We will be constructing up to 3 cars (the lead car being equipped with a camera for object detection). The lead car plays a huge role in our project so we will begin working on object detection as soon as possible. This week we read up on a R-CNN algorithm that uses RGB-D information for state of the art object detection, so we will experiment with that. This means we will want to setup the PS4 camera next week to see what we’re working with.

This week consisted of a lot of research for our team, and served as an awesome week for feeling out the scope of our project and getting more comfortable with the technologies we will be working on. We worked hard to come up with metrics we want to hit for our project and worked on the upcoming presentation. As we lay the groundwork for our project, we will also start thinking more deeply on tunable/modifiable design choices (for example, what type of information to send between cars: raw data, instructions, etc.).

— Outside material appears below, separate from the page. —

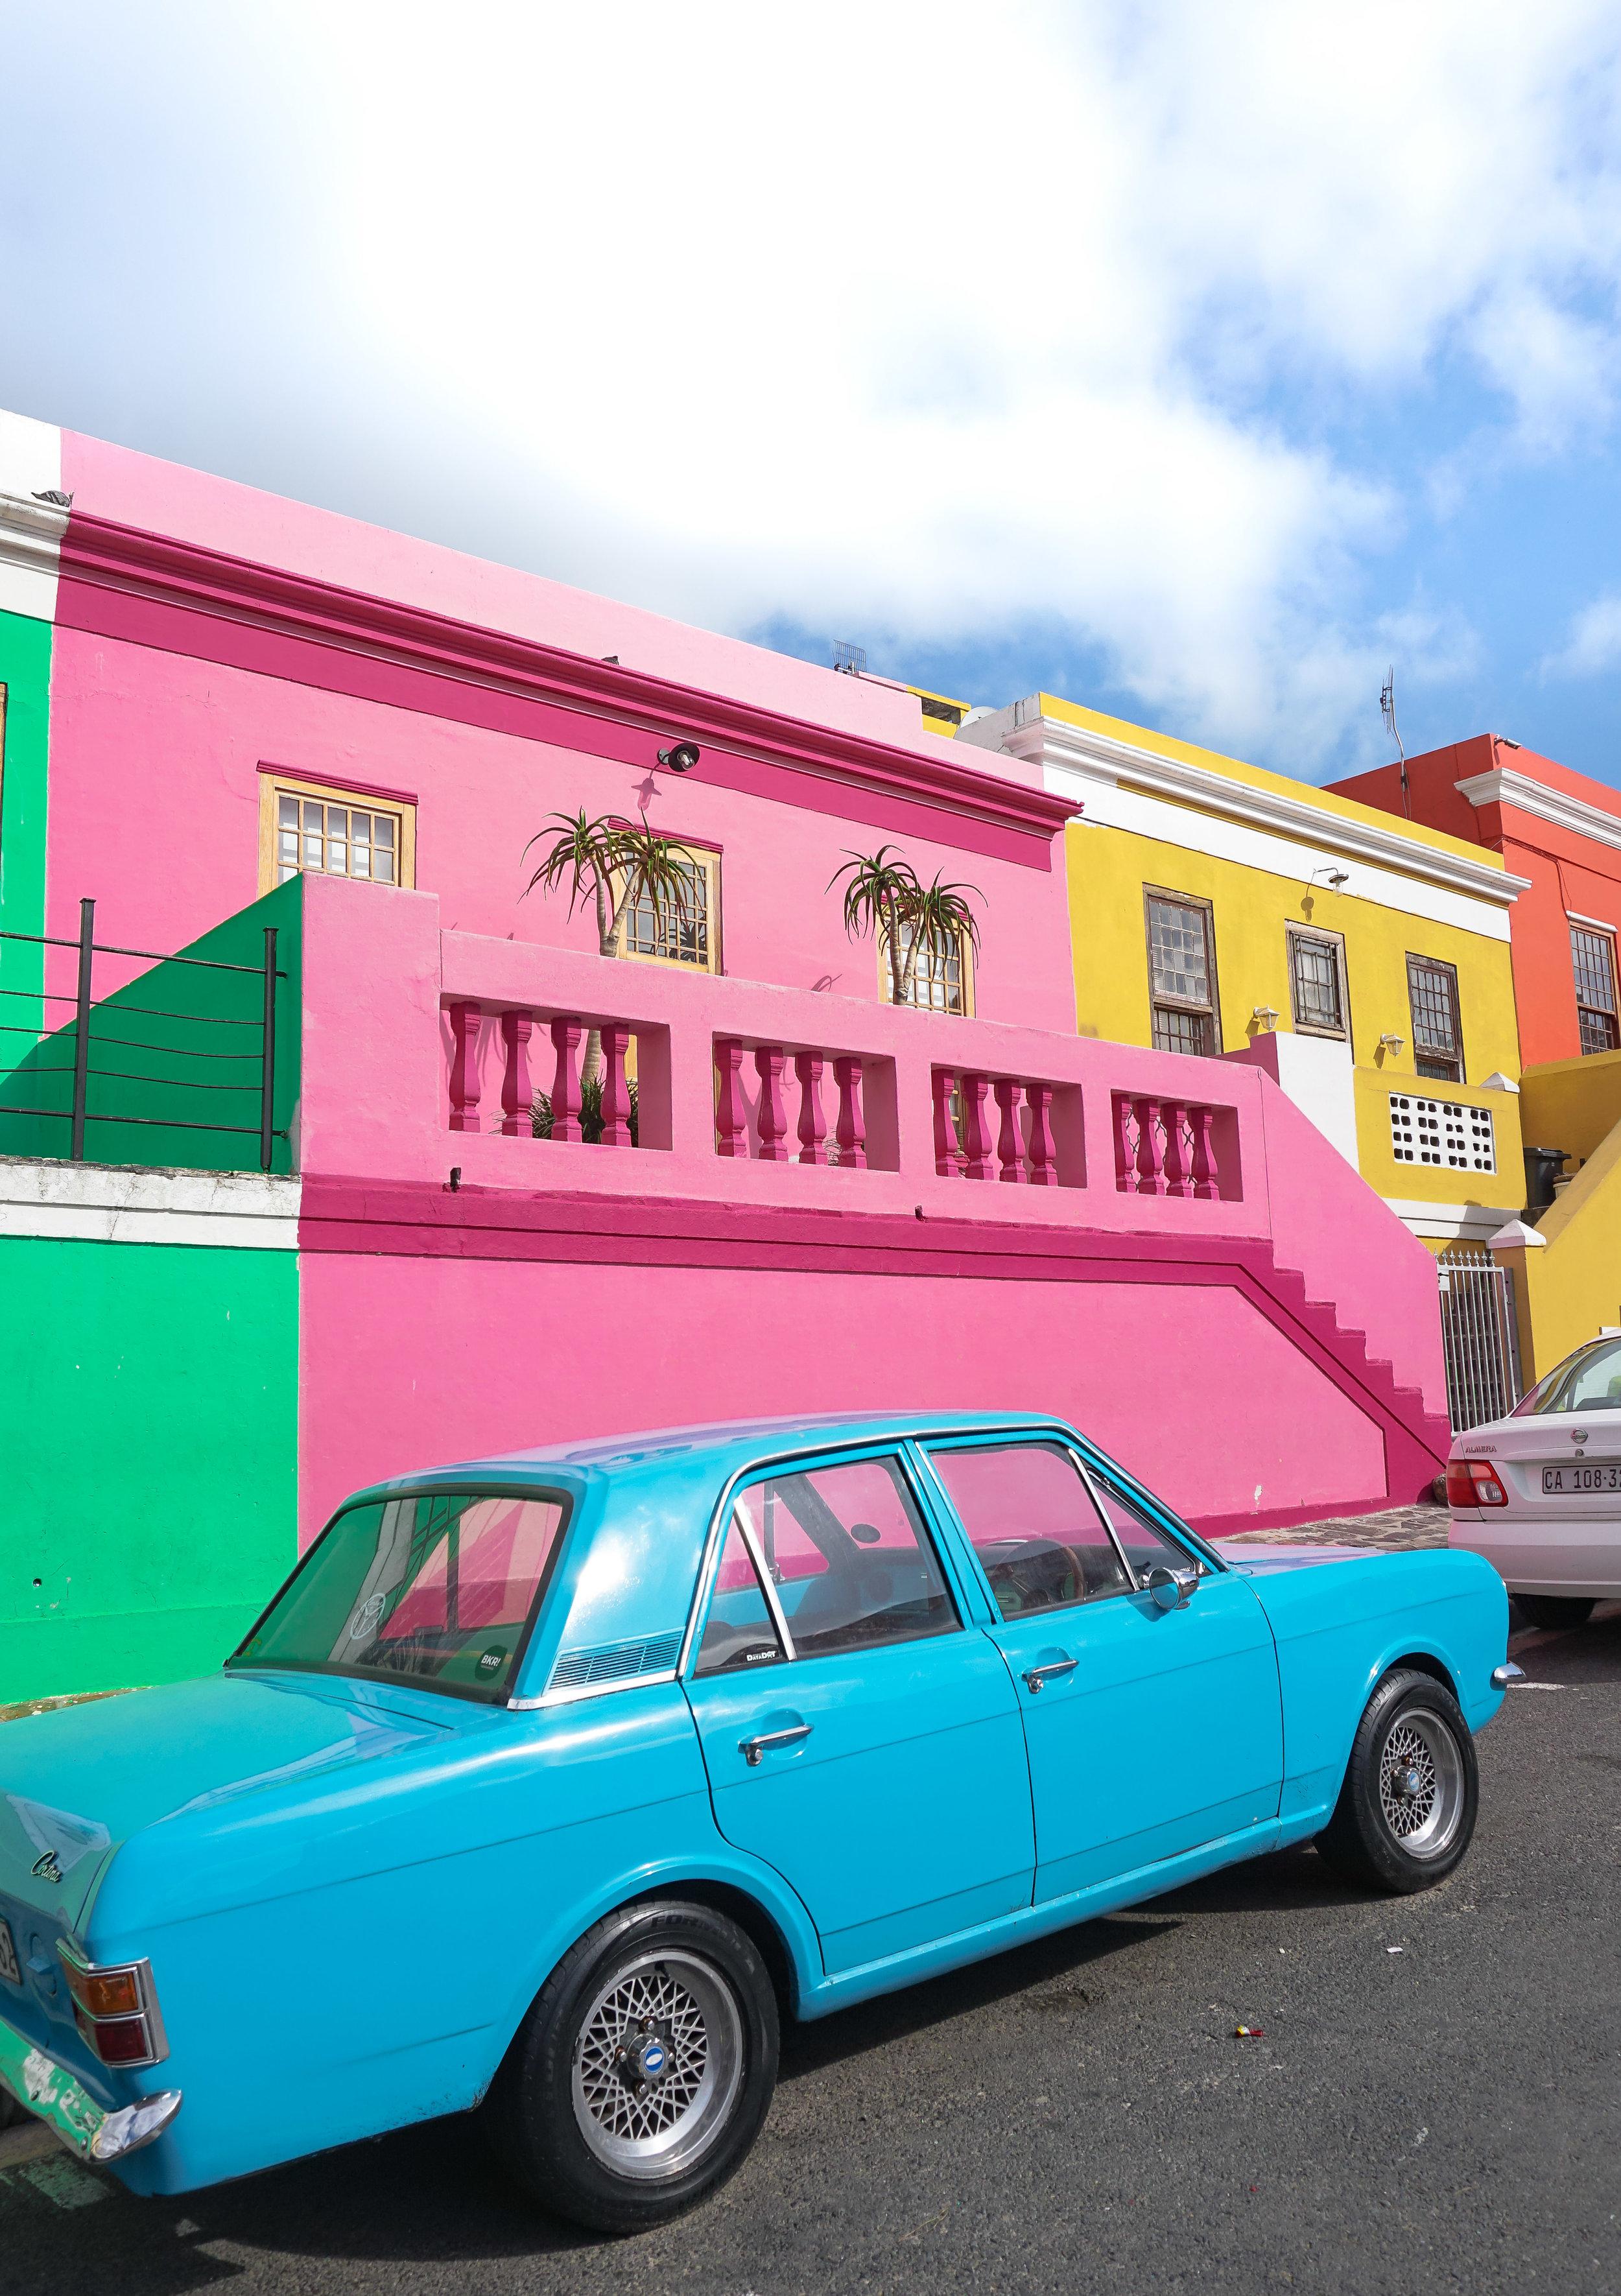 curio.trips.south.africa.bo.kaap.colourful.houses.blue.car.portrait.jpg

Fausto’s Status Update [03-06-2021]

This week, I read up on Bluetooth technology so that next week I can begin programming communication between Bluetooth devices. I mainly read a pdf I found by MIT on Bluetooth programming (https://people.csail.mit.edu/rudolph/Teaching/Articles/BTBook.pdf) which contained a lot of interesting details about how Bluetooth works and some intricacies with the technology. This pdf details how to create sockets such that data can be transmitted and includes information on piconets (which are ad hoc networks consisting of 8 devices, where one acts as a master, and the others act as slaves). One thing I didn’t know about Bluetooth is that an actively communicating Bluetooth device changes channels every 625 microseconds, so devices within a system have to sync their channel changes (I am sure Bluetooth hardware handles this but it was interesting to learn about). Next steps are: setting up basic communications between Bluetooth devices, getting a better idea of what information we want to transmit across our RC cars.